At this point its time to build the bulk of the macro. The idea is to inspect parts of the AST and potentially walk it to find the pieces we want. Here’s what I ended up with:
def methodNamesMacro[A: c.WeakTypeTag](c: Context)(extractor: c.Expr[(A) =\> Any]): c.Expr[MethodName] = {
import c.universe.\_
@tailrec
def resolveFunctionName(f: Function): String = {
f.body match {
// the function name
case t: Select =\> t.name.decoded
case t: Function =\>
resolveFunctionName(t)
// an application of a function and extracting the name
case t: Apply if t.fun.isInstanceOf[Select] =\>
t.fun.asInstanceOf[Select].name.decoded
// curried lambda
case t: Block if t.expr.isInstanceOf[Function] =\>
val func = t.expr.asInstanceOf[Function]
resolveFunctionName(func)
case \_ =\> {
throw new RuntimeException("Unable to resolve function name for expression: " + f.body)
}
}
}
val name = resolveFunctionName(extractor.tree.asInstanceOf[Function])

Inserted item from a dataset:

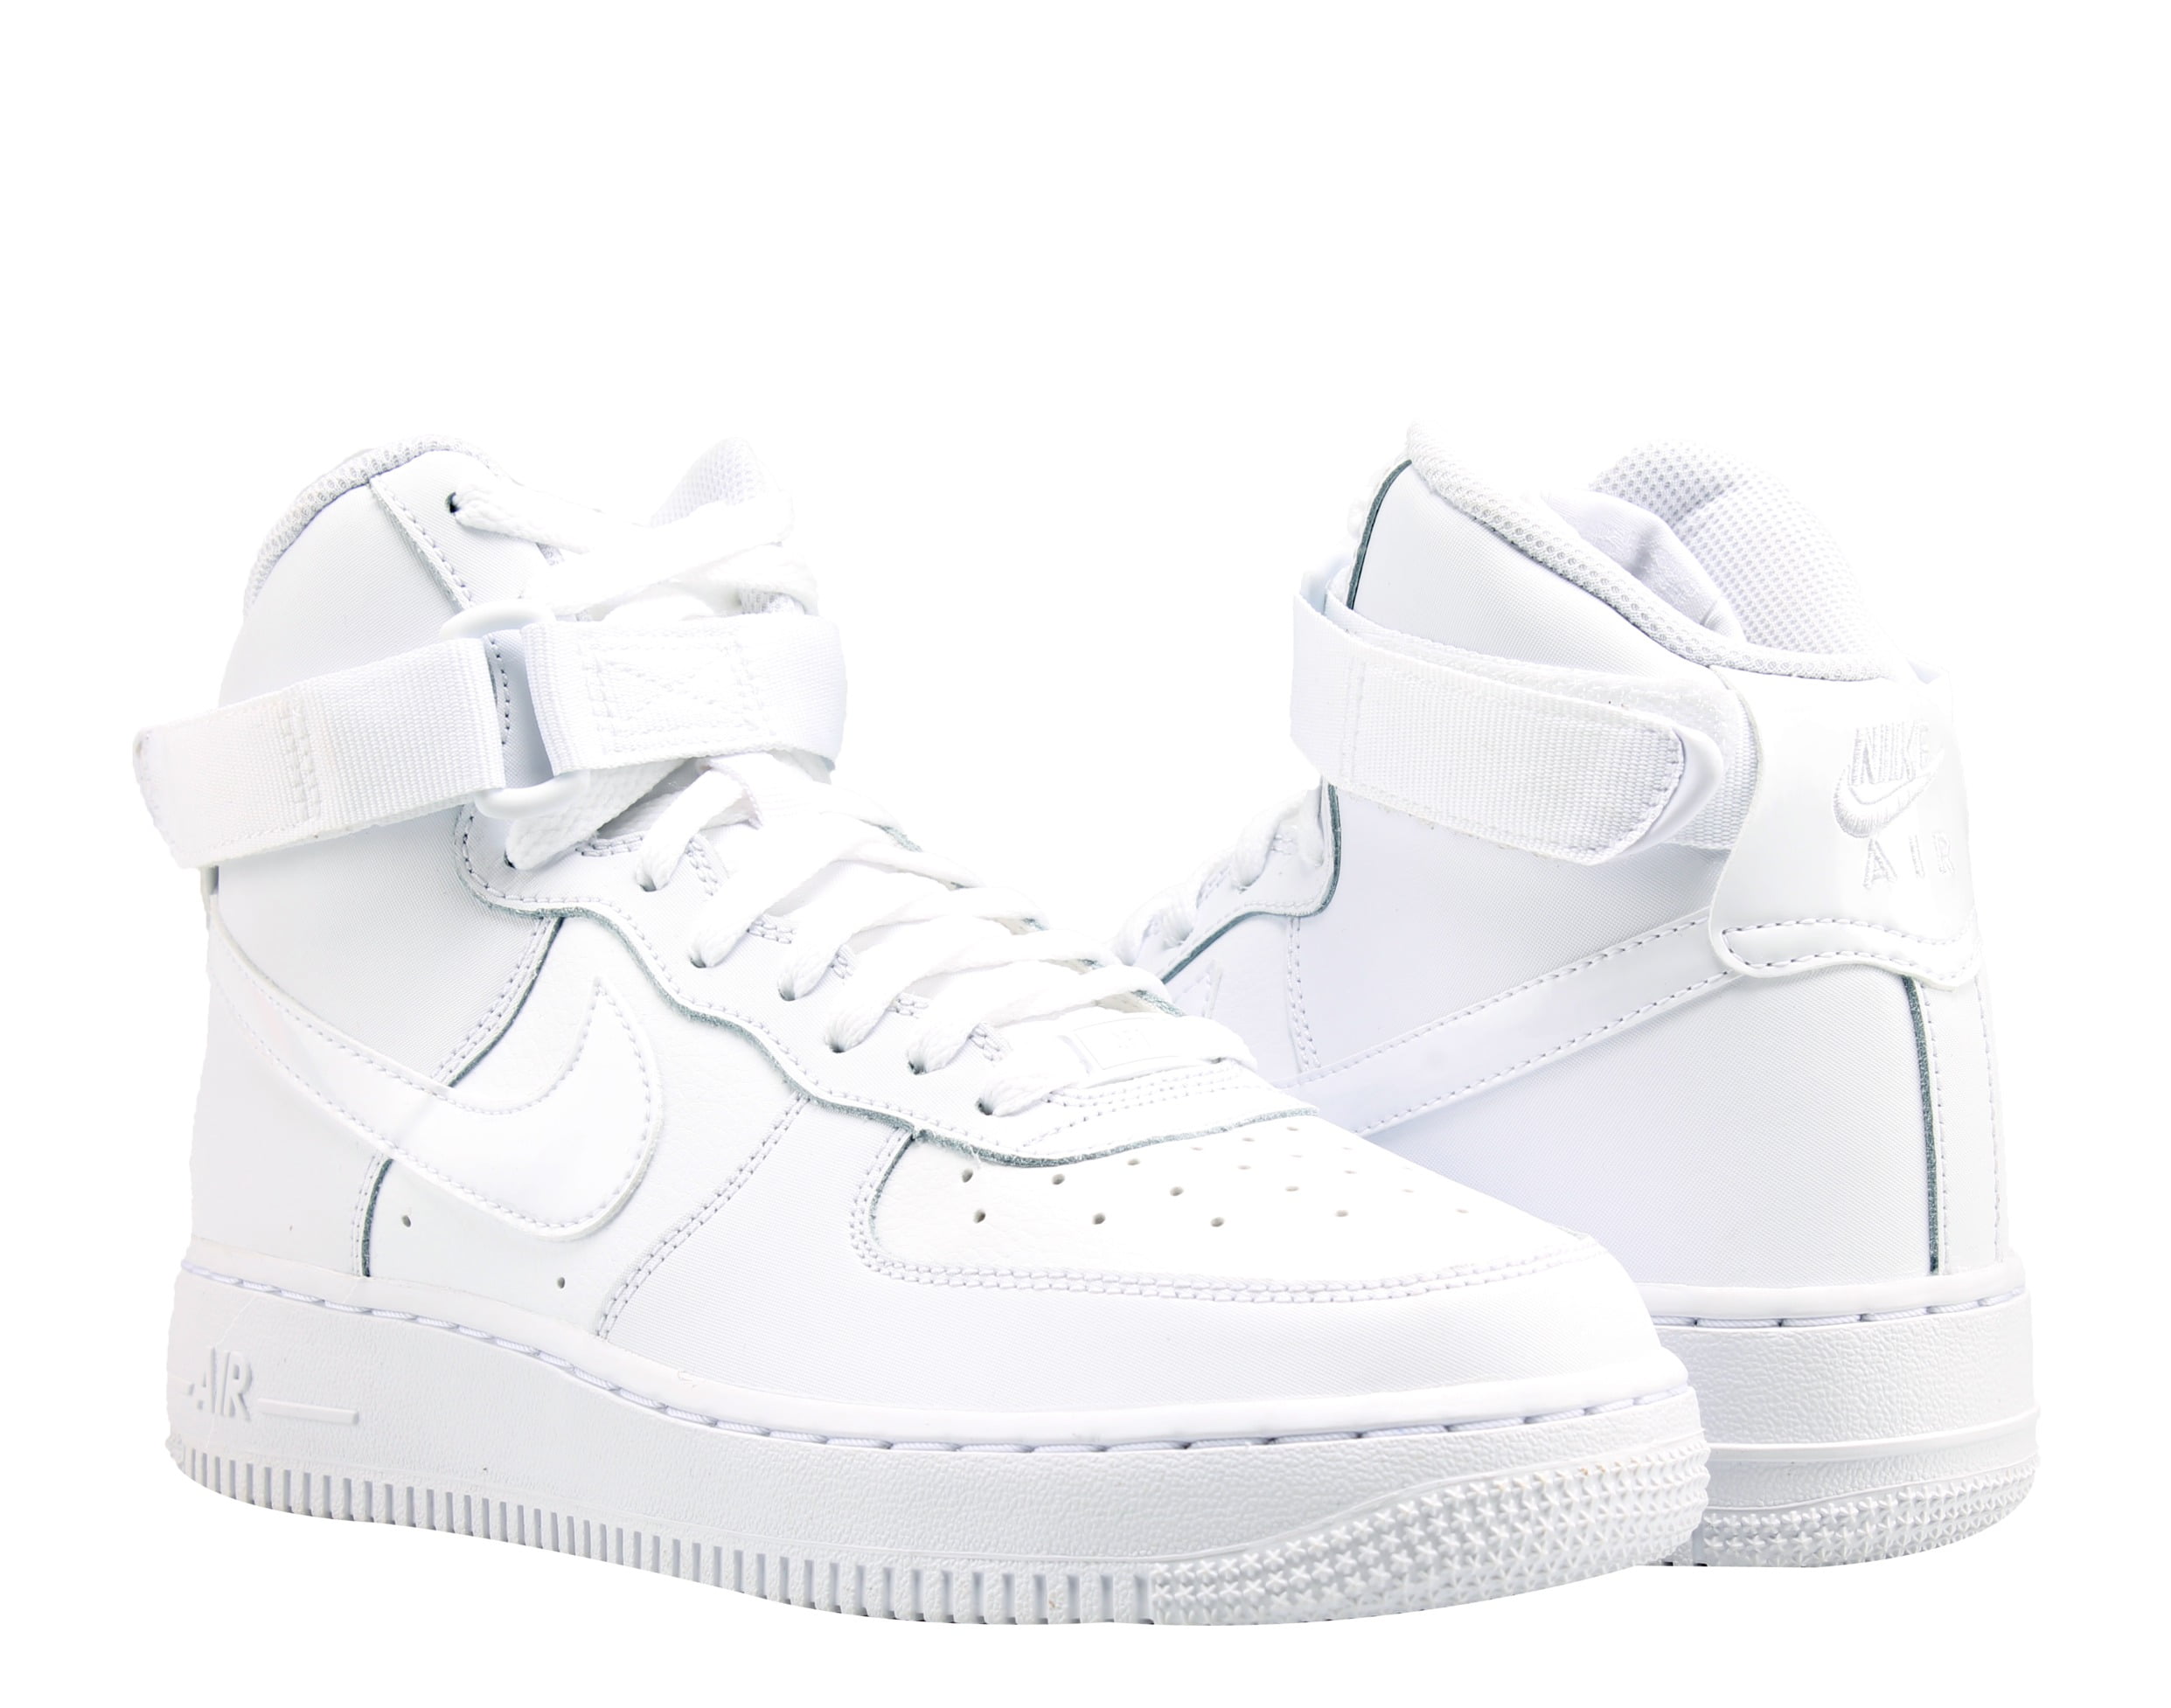 NIKE AIR FORCE 1 WHITE ALL WHITE SZ 4.5Y WOMENS WITH ORIGINAL RETAIL BOX  USED

val literal = c.Expr[String](Literal(Constant(name)))
reify {
MethodName(literal.splice)
}
}
For more details on parts of the AST here is a great resource
In the first case, when we pass in methodName[Config](_.method)
it gets mangled into a function with a body that is of x$1.method
. The select indicates the x$1 instance and selects the method
expression of it. This is an easy case.
In the block case that maps to when we call methodName[Config](c => c.thing _)
. In this case we have a function but its curried. In this scenario the function body is a block who’s inner expression is a function. But, the functions body of that inner function is an Apply.
Apply takes two arguments – a Select or an Ident for the function and a list of arguments
So that makes sense.
The rest is just helper methods to recurse.
The last piece of the puzzle is to create an instance of a string literal and splice it into a new expression returning the MethodName
case class that contains the string literal.
All in all a fun afternoons worth of code and now I get semantic string safety. A great use case here can be to type configuration values or other string semantics with a trait. You can get compile time refactoring + type safety. Other use cases are things like database configurations and drivers (the .NET mongo driver uses expression trees to type an object to its underlying mongo collection).